BEGIN Dataset excerpt
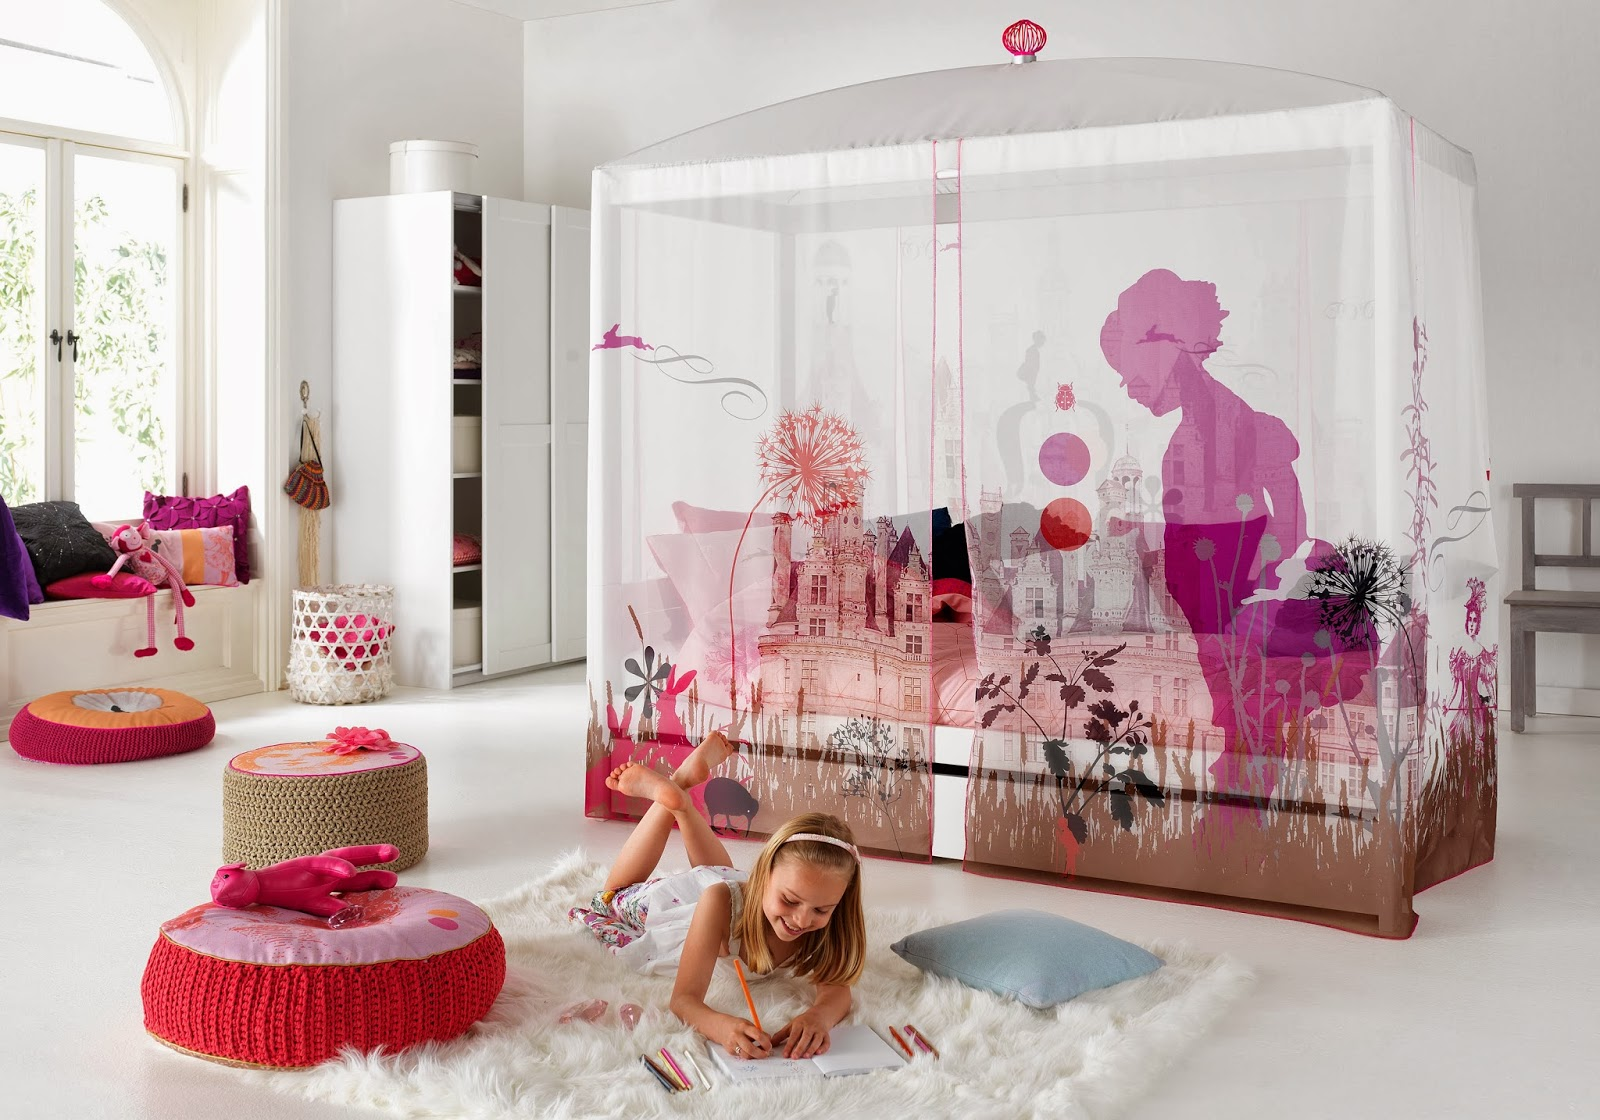 http://www.portobellostreet.es/mueble/27816/Cama-Infantil-Wonderland
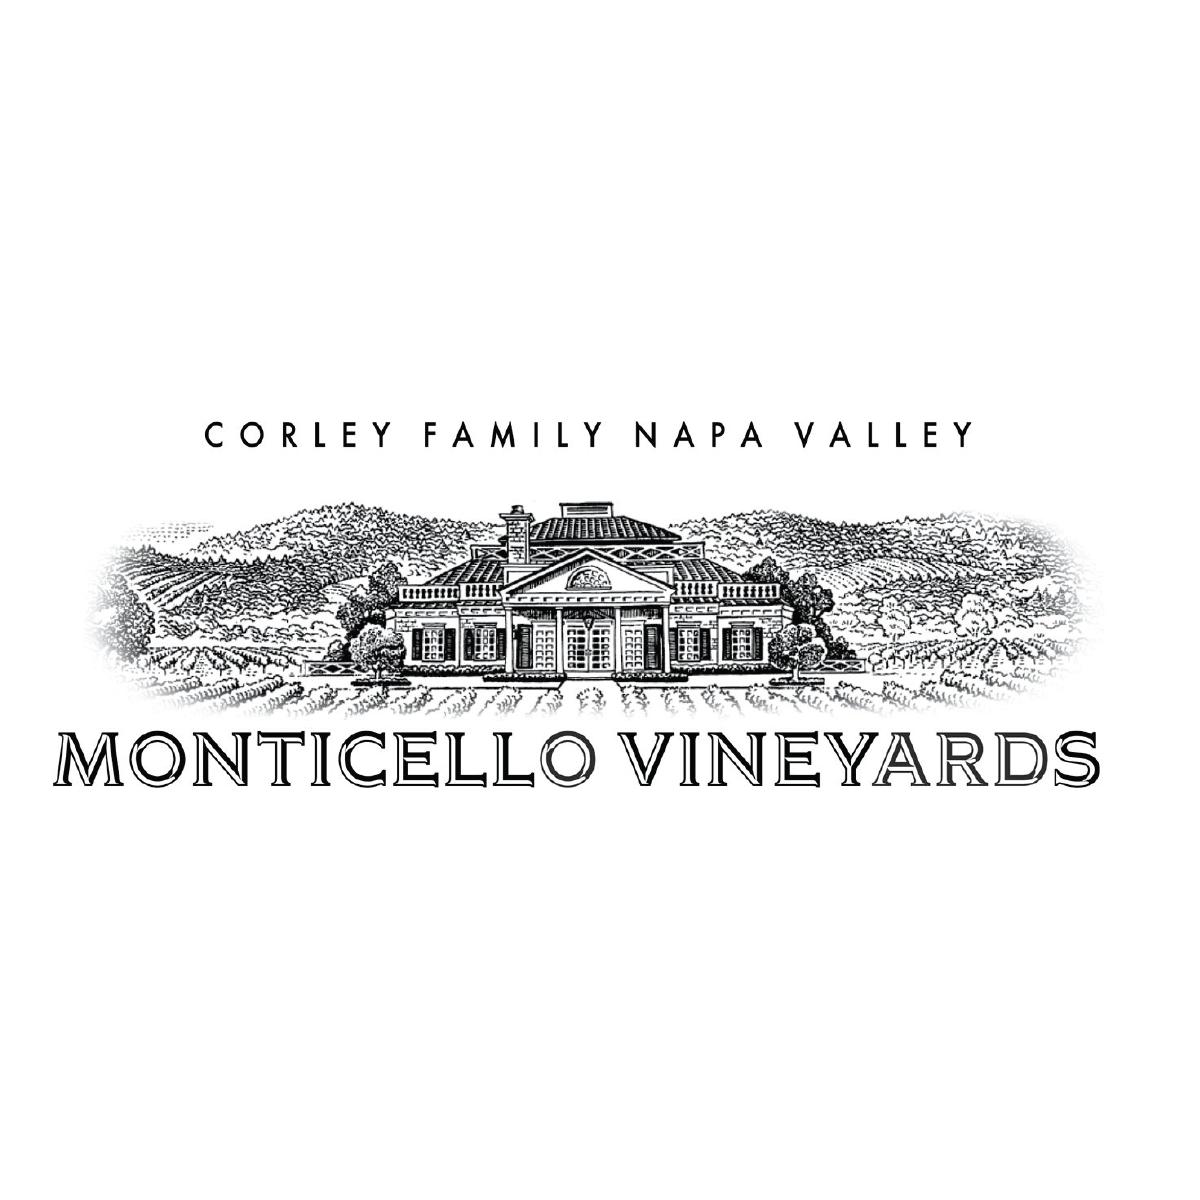 Corley Family / Monticello
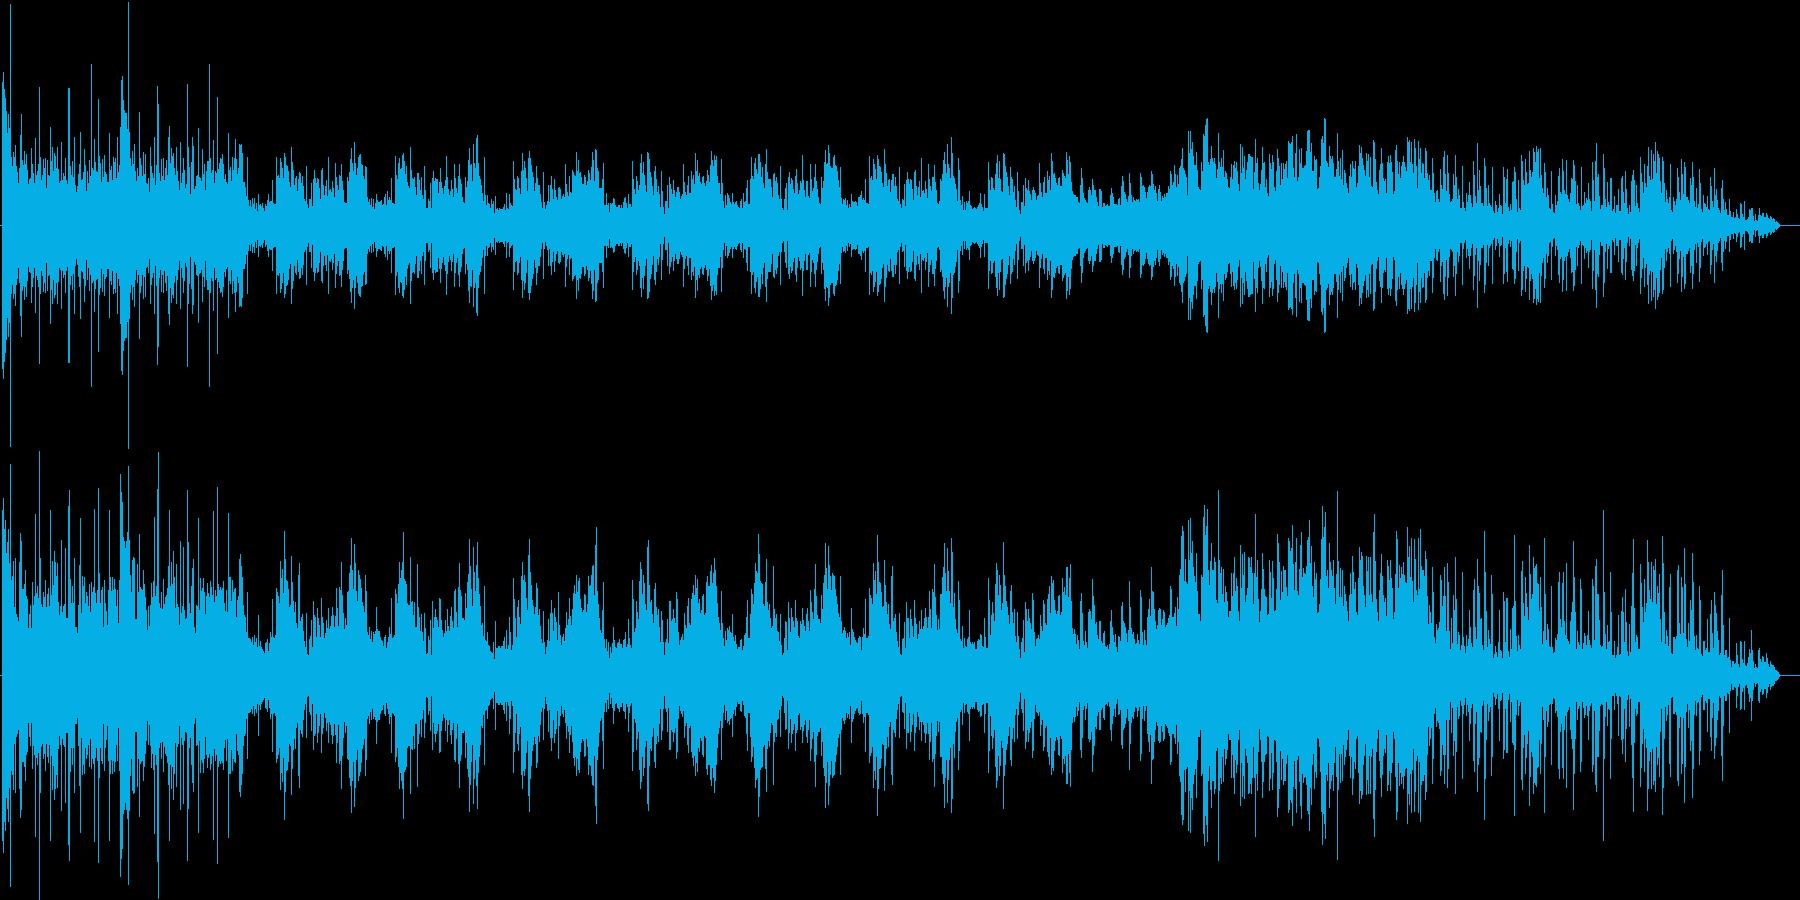 148bpm、Ab-Maj、ピアノメインの再生済みの波形
END Dataset excerpt
» **Exercise goal**
The whole listing should be reproduced exactly. Images don't go in.

» **Expected output**
 http://www.portobellostreet.es/mueble/27816/Cama-Infantil-Wonderland
 Corley Family / Monticello
 148bpm、Ab-Maj、ピアノメインの再生済みの波形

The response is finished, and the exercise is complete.